Nadine Parker is a Researcher at the Centre for Precision Psychiatry within the Faculty of Medicine at the University of Oslo. She is affiliated with Oslo University Hospital HF - Ullevål, Section for Precision Psychiatry, where she conducts cutting-edge research at the intersection of psychiatric genetics, neuroimaging, and precision medicine. Her work primarily focuses on understanding the genetic architecture of mental health disorders and their biological underpinnings. Dr. Parker's research interests center on psychiatric genetics, neuroimaging biomarkers, and precision psychiatry approaches. Her work explores the genetic overlap between various mental health conditions including depression, schizophrenia, bipolar disorder, and substance use disorders. She investigates how these disorders relate to physiological markers like white blood cell counts, inflammatory markers, and brain structure.
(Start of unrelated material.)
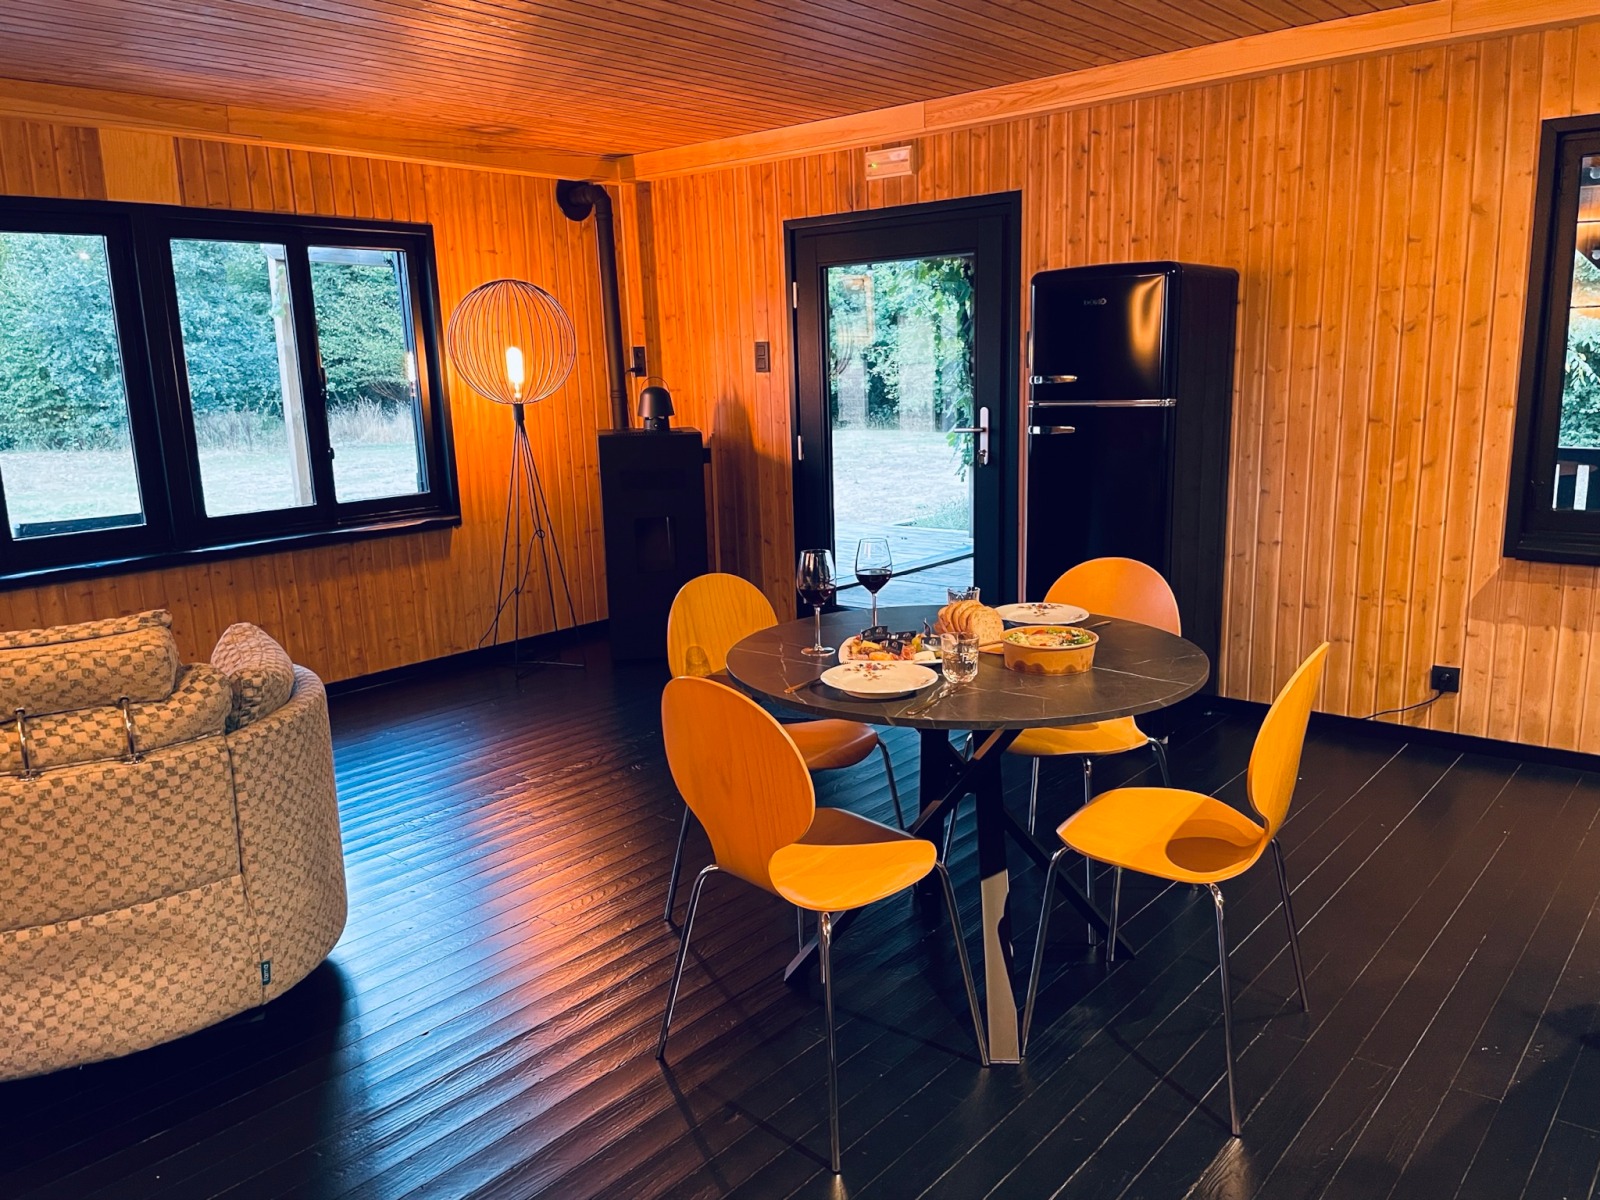 Wohnzimmer, Ferienunterkunft Ô Nano in der Nähe von Dalhem in der Provinz Lüttich
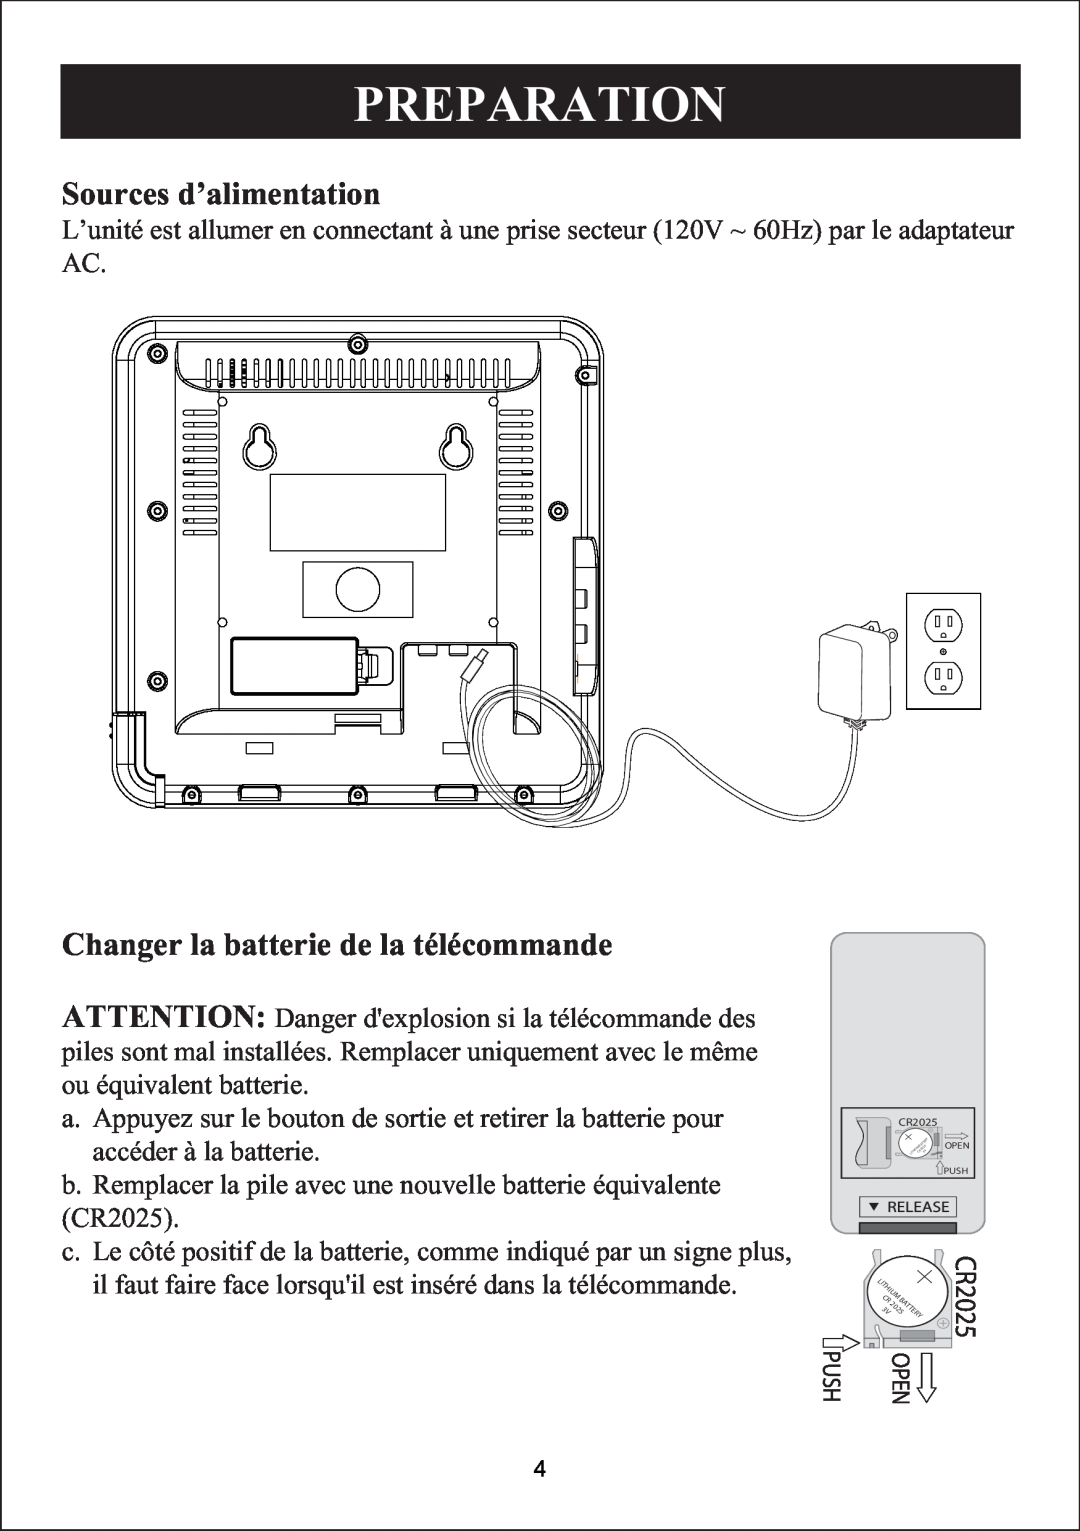 Sylvania SIP3019 manual Sources d’alimentation, Changer la batterie de la télécommande, Preparation

Her research employs advanced genomic techniques including genome-wide association studies, polygenic risk scoring, and cross-disorder pleiotropy analysis to uncover shared biological mechanisms. Her publication record shows a strong focus on genetic architecture of psychiatric disorders, with numerous high-impact publications in journals like Nature Communications, Biological Psychiatry, and Molecular Psychiatry. Her work often examines how mental health conditions intersect with immune function, metabolic processes, and brain structure. A recurring theme across her publications is the identification of shared genetic mechanisms across seemingly distinct disorders, suggesting common biological pathways that could inform new treatment approaches. Dr. Parker is an active collaborator within the precision psychiatry research community, frequently working with colleagues including Guy Hindley, Alexey Shadrin, and other researchers at the University of Oslo. Her research is supported by institutional resources at Oslo University Hospital and likely external funding sources given the scale of her collaborative projects involving large datasets and international consortia. She is part of the Precision Psychiatry research group at Oslo University Hospital, which focuses on developing more targeted approaches to psychiatric diagnosis and treatment through integration of genetic, neuroimaging, and clinical data. This group works at the forefront of translating genetic discoveries into clinically actionable insights for mental health care.